"Undo" biwiring?


If I have speakers with bi-wire terminals and only want to use single wire cables, is there any reason I can't desolder the wires from the low frequency posts and solder them to the high frequency posts or vice versa? Seems to make a lot more sense then adding expensive jumpers (which have made a difference in my experience), yet I have never seen this done or suggested. I would also need one less set of binding posts if I wanted to upgrade.
eugene81
My point is that soldering the wire internally and using it as a jumper are entirely equivalent if done competently. So, if you think that soldering the cheaper wire internally will work better than using the same wire as a jumper, it will be due only to your belief and/or inability to see that it is not an "expensive" jumper.
kr4, not sure you understand what I'm asking and I don't understand your response. Use the same wires as jumpers instead of jumpers...?
What Kal (KR4) is suggesting is using jumpers that consist of the same kind of wire that is used for the speaker's internal connections to the binding posts.

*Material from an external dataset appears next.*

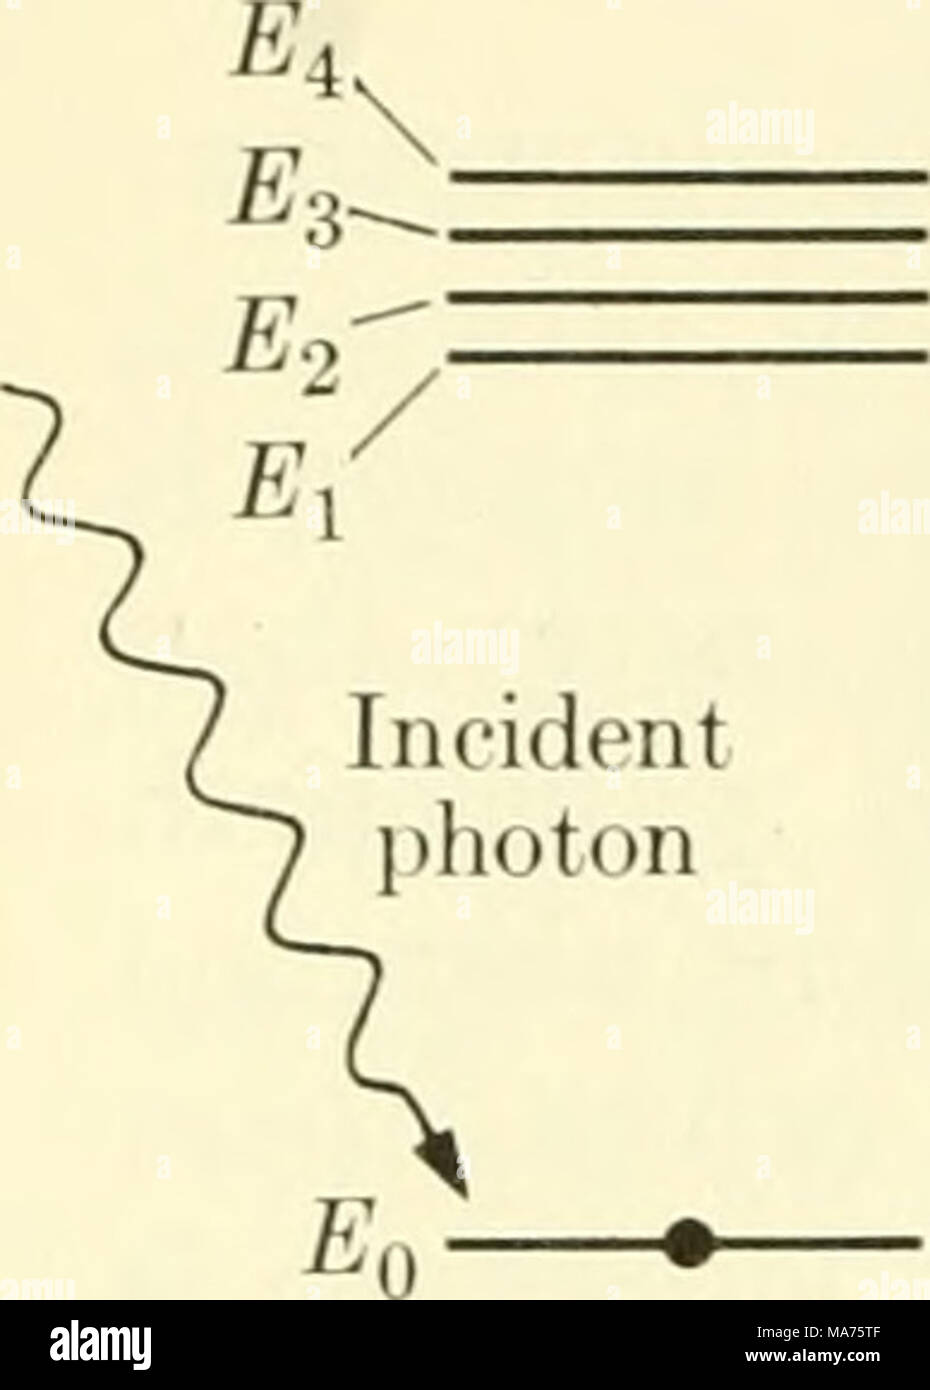 . Biophysique élémentaire : thèmes choisis . Electron est à ni- mal ou au sol au moment de l'état /  = 0 sec électron est dans un état excité après avoir absorbé l'énergie des photons E^ - Eq après 1 = 108 sec (a) a perdu un peu d'électrons énergie d'excitation est à l'état excité le plus bas autorisé dans 10-n-10-8 sec après avoir atteint l'Es Banque D'Images

Assuming that the required jumper length is short, and given that most and probably all predictable speaker cable effects can be expected to be proportional to length, that sounds like a good approach to me.

Regards,
-- Al
No. I am saying that regardless of the wire he chooses, it doesn't matter whether he solders it internally or wires it as a jumper externally, it will make no difference at all.
No. I am saying that regardless of the wire he uses, it doesn't matter whether he solders it internally or wires it as a jumper externally, it will make no difference at all.

If he wants to rewire internally, he is only making more bother for himself.

(This whole thing is a tempest in a teapot. 2-3" of wire is unimportant.)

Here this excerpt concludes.